More and more opposition activists are hauled into custody daily. On Thursday, the prominent human rights activist Mohammad Najati Tayyara was arrested on a street in Homs, according to the lawyer.

Just the thought of being arrested by security forces or hauled into a van by government thugs induces terror among some. That was the case Monday around Arnous square in Damascus, where a sit-in was brutally broken up by thugs and security forces. The people in the shopping street where the demonstrators were marching froze when they realized what was happening.

A group of about 200 people went with quiet steps while singing the national anthem, a celebration of the country and the people. The people who were watching them did so with considerable fear because they know what would come next. They knew the brutality these people would face.
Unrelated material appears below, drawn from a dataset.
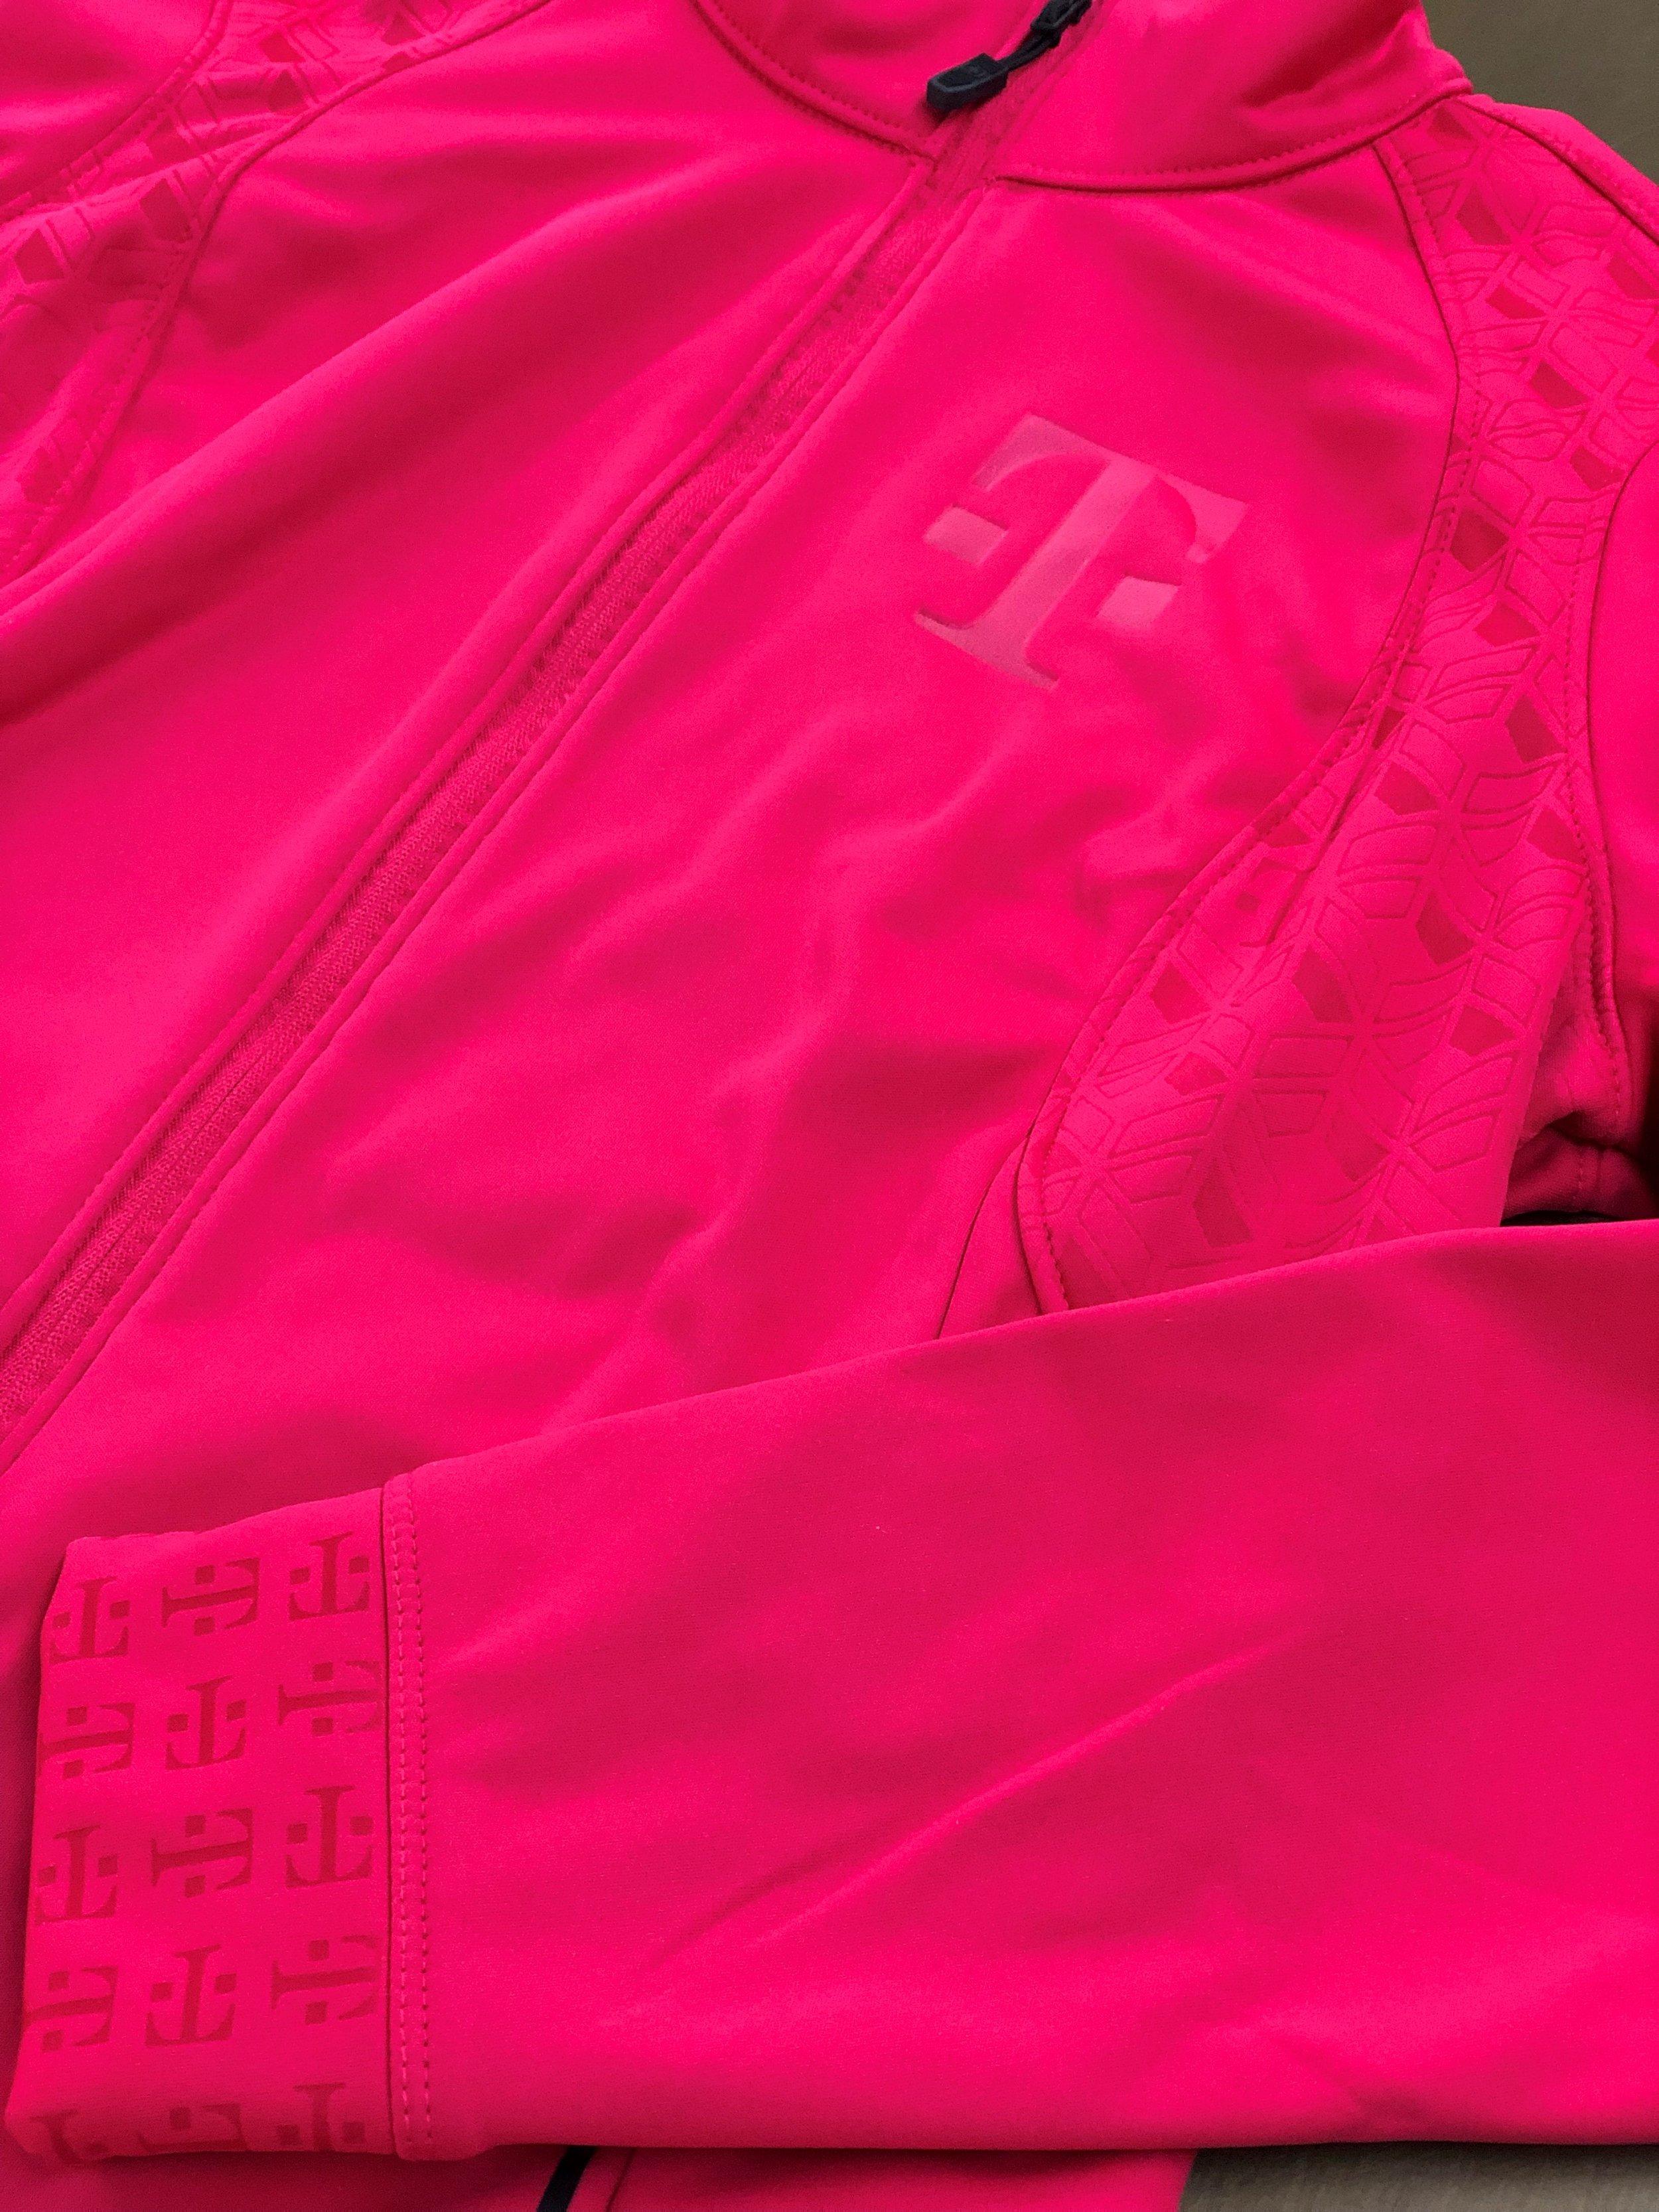 logounltd_laser_embroidery_screen_printing_apparel_uniform_custom_tshirts_kirkland_bellevue_seattle_redmond_branded_merchandise_promotional_products_logo_unltd_t_mobile_Tuesday_tmobile_un_carrier_magenta_5G_john_lege.jpg
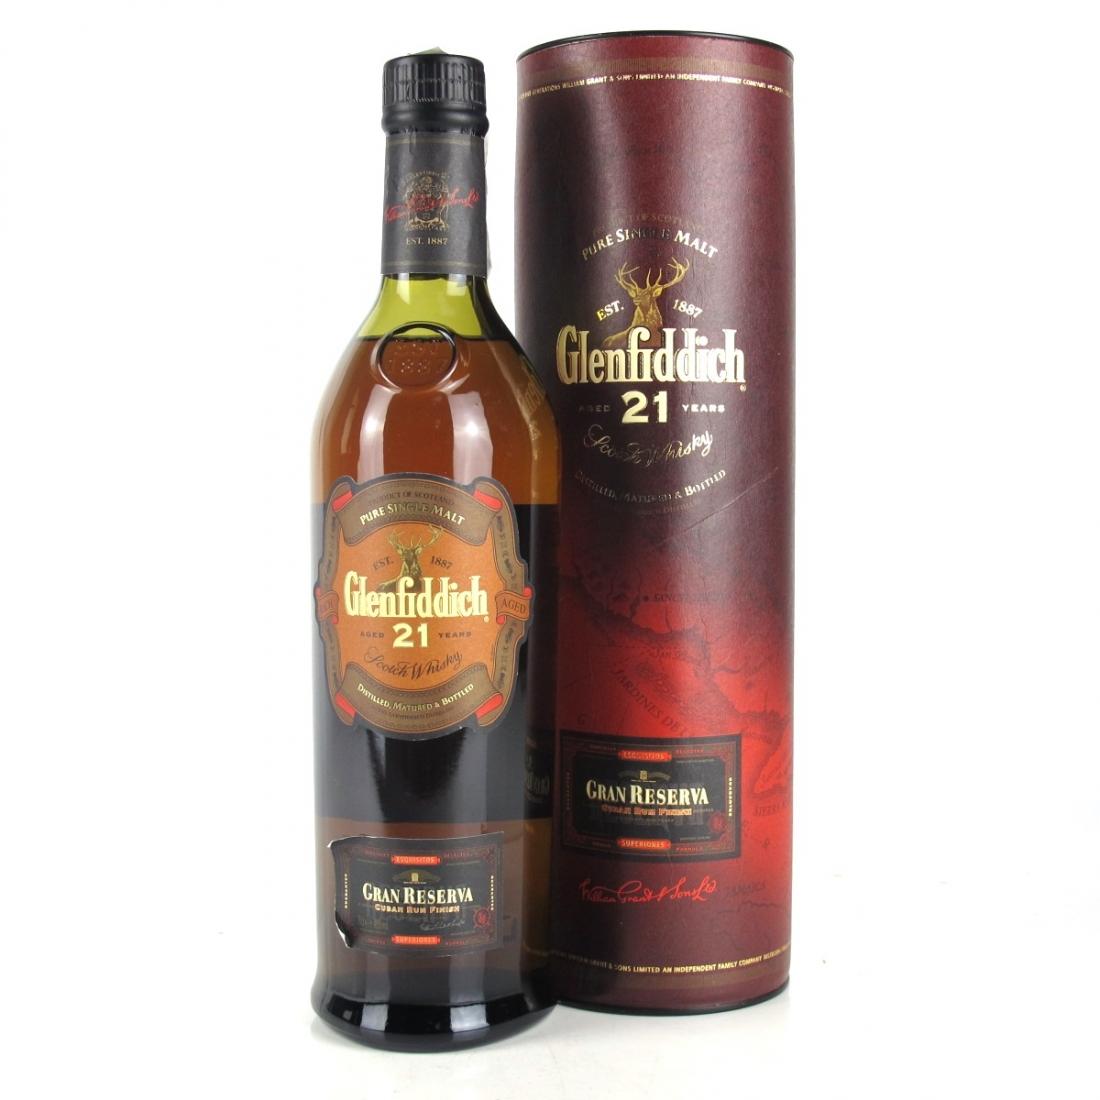 Glenfiddich 21 Year Old Gran Reserva / Cuban Rum Finish

Seconds later, chaos and tumult broke out. People in police uniforms and plainclothes thugs surrounded the crowd and started running toward them from all sides. People got beaten with clubs and one old policeman hit so frenetically at people it seemed he had been personally offended by the demonstration.

The upheavals and the precarious security situation in the country make some worry greatly about what might happen in Syria if there is a power vacuum. They’re the kind of people who say they hope that all this will be over soon and how they’d rather stick with the pain they’re used to (the Assad government) rather than try out something else that might be worse. Assad might not be great but there is worse, they say, like Salafists -- hard-line conservative Islamists -- who might try to take command, in their opinion.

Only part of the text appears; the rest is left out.